His gaze started at the unmade bed and the pillows unsheathed from their cases. It moved to the nightstand and the khaki-colored hotel phone, the receiver off the hook, the red message light blinking in a long rhythm, roughly at the pace of Harold’s breath. Then to the lounge chair and matching ottoman, soiled with more scattered paper, a pair of work pants, and a few books. And finally, then, to the floor, and the dead body of Alex Cale.

CHAPTER 7 The Bloodsucker

“[He is] a loyal friend and a chivalrous gentleman,”

said Holmes, holding up a restraining hand.

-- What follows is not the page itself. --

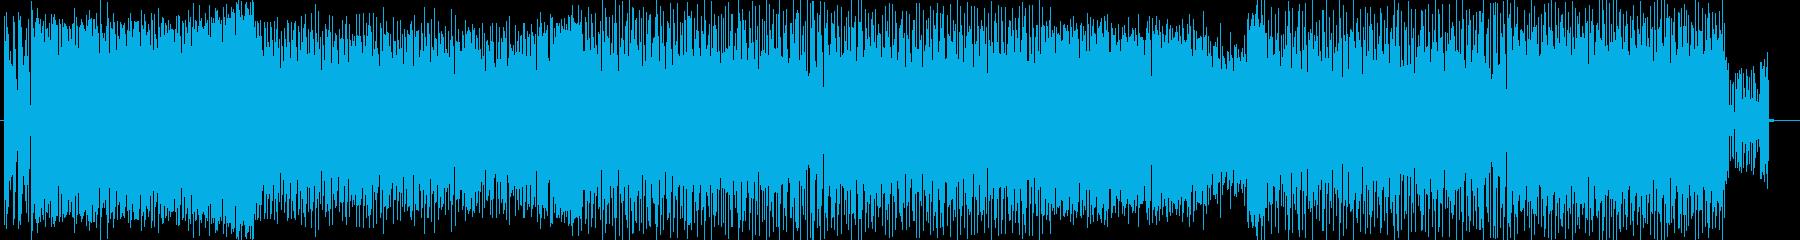 スピーディーで近未来なユーロビートの再生済みの波形

“Let that now and forever be enough for us.”

– Sir Arthur Conan Doyle,

“The Adventure of the Illustrious Client”

December 18,1893, cont.

London had become an alien land for Arthur, full of strange people going about their strange ways. He felt like Captain Nemo, adrift from civilization and surrounded by monsters. As he tumbled through the rest of this perverse day, eyes seemed to trail him all the way down the Strand, even into Simpson’s, where he stopped for his dinner. Inside, they flicked at him from every dim corner as he ate his kidney pie and read the papers. He flipped through the Times’ back pages to find that even London’s cartoonists had drawn their share of blood. A crudely rendered image showed a young boy reading the final Holmes tale, his face contorted in grief and disillusion. Arthur was now accused of shattering a generation’s childhood.

He sputtered at the drawing and spilled a droplet of kidney juice onto the paper. The hot beefy broth blotted out the face of the young boy, smudging the ink and distorting his features. The child’s skin turned brown. Curiously, Arthur took his spoon, scooped up another helping, and after pushing two peas and a mushy carrot sliver back onto the plate, he dribbled a few more drops of hearty brown juice onto the newspaper. And then a few more. And then a whole spoonful, until the cheap, soggy paper wrinkled and tore from the liquid.